Oakes was a Mohawk Native American activist who promoted the fundamental (conservative) idea that Native people have a right to sovereignty, justice, respect and control over their own destinies.
He and some Native Americans occupied Alcatraz island as an act of a peaceful protest. They stayed there for 19 months. However, In 1970 the island began to fall into disarray after Oakes’ 13-year old stepdaughter fell to her death from concrete steps. After that, Oakes left the island, along with numerous students who went back to school.
Conflicts over leadership and the influx of non-Indians diminished the important stance of the original occupants. In June 1971 the United States government removed the remaining 15 occupants from the island.
While Oakes and his followers did not succeed in obtaining the island, they did affect U.S. policy and the treatment of Indians. As a result of the occupation, the official U.S. government policy of termination of Indian tribes was ended and replaced by a policy of Indian self-determination.
Right after Alcatraz, Oakes continued his resistance by helping the Pit River Tribe in their attempts to regain nearly 3 million acres of land that had been seized by Pacific Gas & Electric. Oakes also planned to create a “mobile university” dedicated to creating opportunity for Native Americans. As a result of his activism, he endured tear gas, billy clubs, and brief stints in jail. During his time in San Francisco, he was beaten unconscious by two men in a bar with pool cues. He is reported to have remained in a coma for over a month (30 days), but made a recovery which friends credited to the appearance of his mentor, Wallace Mad Bear Anderson of the Iroquois Confederacy.

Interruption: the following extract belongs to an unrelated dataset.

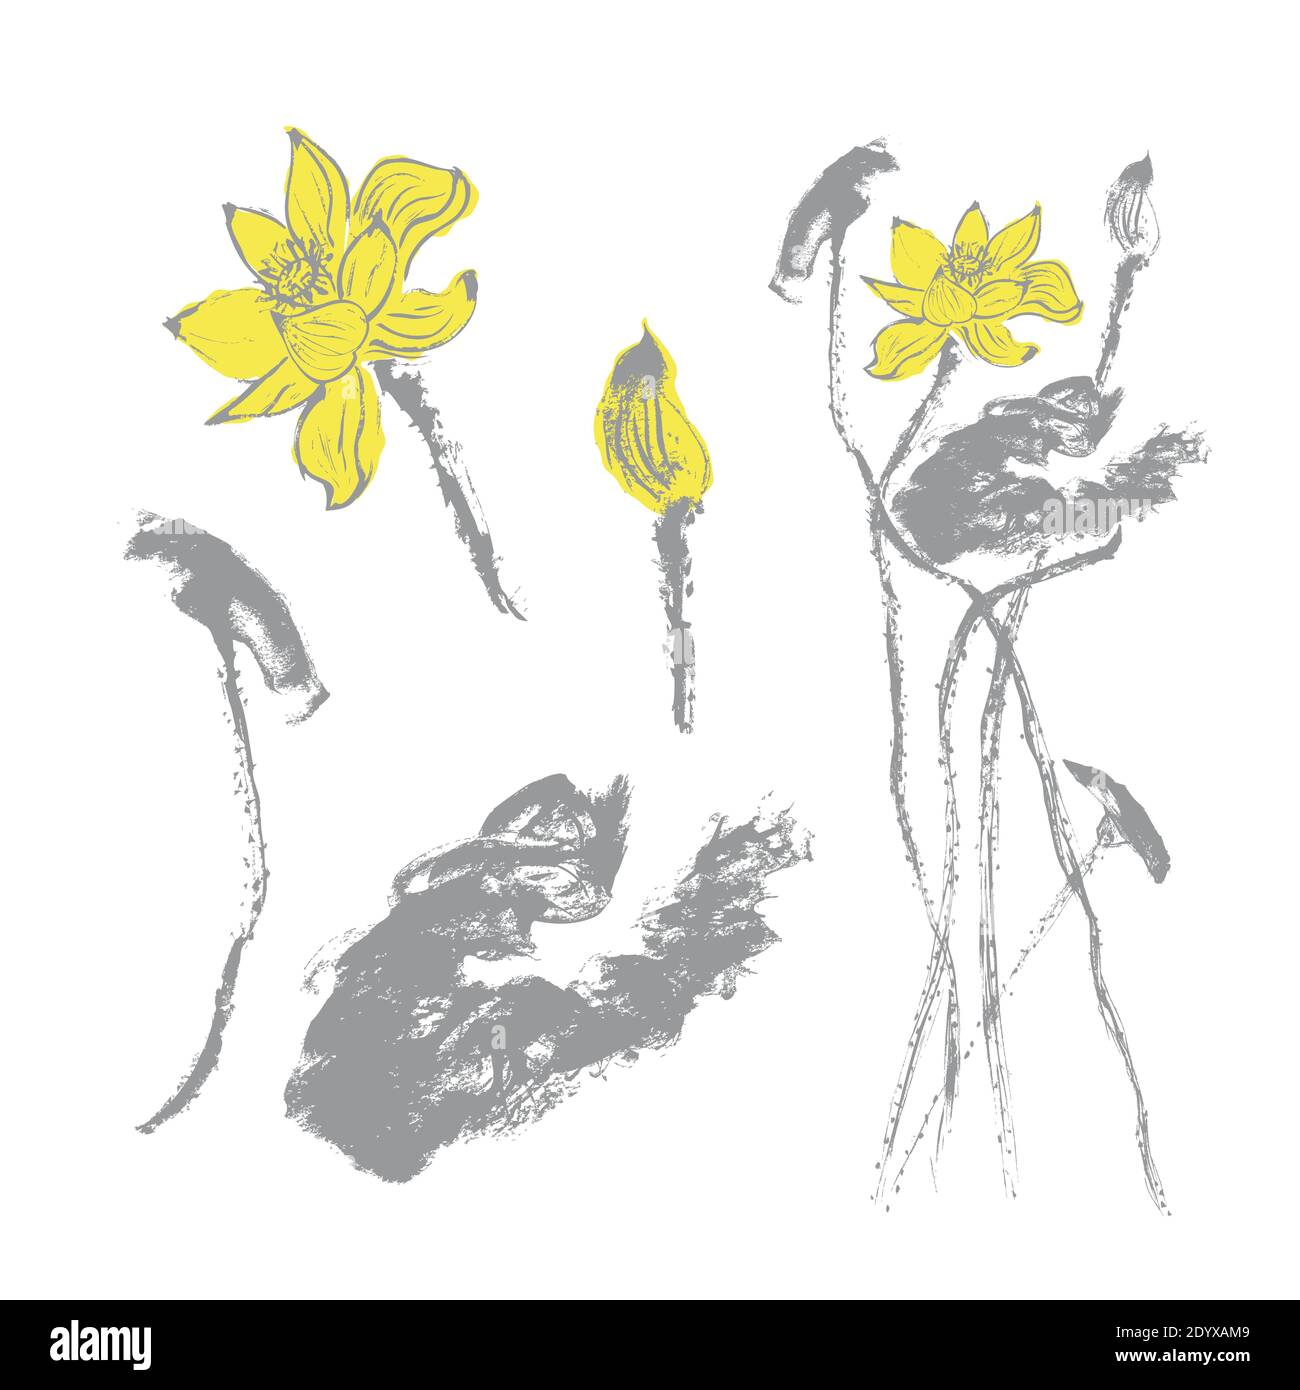 Ensemble de fleurs et de feuilles de lotus dessinées à la main, en gris et jaune. Arrière-plan blanc. Aquarelle. Vecteur de brut Illustration de Vecteur

Soon after, Oakes was shot and killed by Michael Morgan, a YMCA camp manager. Morgan had a reputation for being rough with Native children. Oakes reportedly confronted him, and Morgan responded by drawing a handgun and fatally shooting him. Morgan was charged with involuntary manslaughter. Six months later, charges against Morgan were dropped on the grounds that Oakes had moved aggressively toward him. Oakes died on September 20, 1972 in Sonoma, California at the age of 30.